The US draft regulations allow operators to submit to the bureau “an affidavit asserting exemption from disclosure of certain information” on the basis that it is protected by trade secrecy law. Providing details to the regulator of which chemicals are being exempted is not an automatic requirement; in fact the draft regulations only give the regulator “the ability to demand the specific chemical details of any materials being proposed for trade secret exemption”.

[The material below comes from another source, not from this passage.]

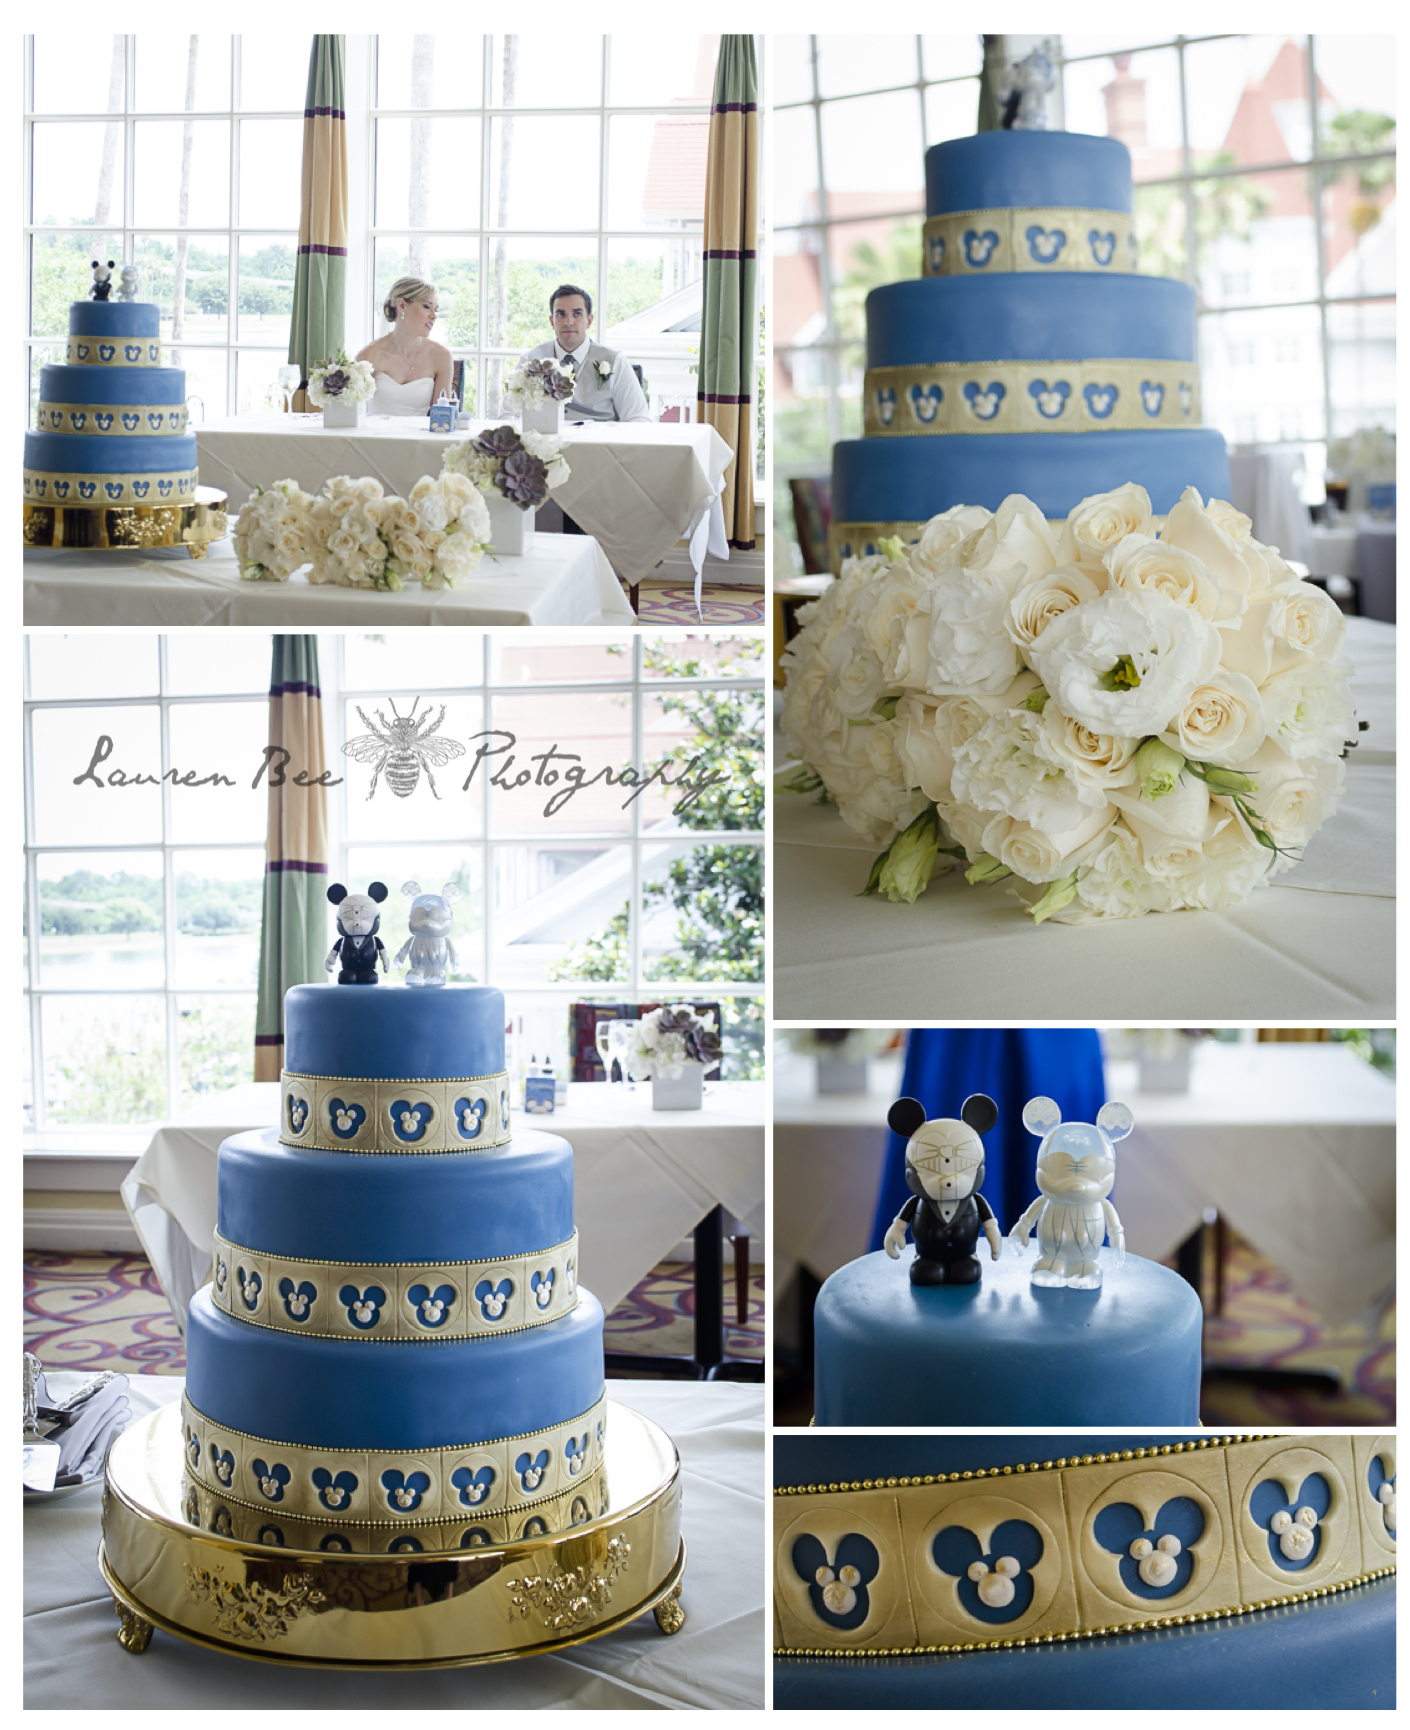 Disney World Citricos wedding cake

Finally, in relation to the possibility that fracking could contaminate aquifers with methane, the UK’s approach starts from the observation that there has been no evidence of such contamination. The government’s statement stresses the importance of well integrity, pointing to existing regulations that require the Health and Safety Executive to be notified of well design and operations, and the role of independent verification. In the US, the draft regulations demand proof of well integrity for the entire length of the well and for Cement Evaluation Logging on those sections protecting aquifers.

The rigorous approach to well integrity in both jurisdictions stems from the fact that the industry and environmentalists have similar if differently motivated concerns. The latter are concerned that any compromise to well integrity may result in environmental damage, and the former is concerned that break down of well integrity could see gas escapes which could cause explosions.

Whatever the merits or otherwise of shale gas exploitation, there is also the broader environmental impact to consider. Vast shale gas reserves emit a siren call to those concerned with economic growth and energy security, but the International Energy Agency has recently warned that if greenhouse gas emission reduction targets are to be met then two-thirds of currently proven hydrocarbon reserves cannot be produced without the wide deployment of carbon capture and storage – a technology whose efficacy has not yet been demonstrated.

That would seem to suggest that the story of fracked shale oil and gas could in many places be over before it has begun. But if dirty, polluting coal was replaced by cleaner shale gas to generate electricity - especially in developing countries - CO2 emissions could be halved considerably more easily and cheaply than by any other means. Consider this, and it becomes clear that the decisions facing policymakers – and we as taxpayers and consumers – are by no means as black and white as the polarised debate would lead you to believe.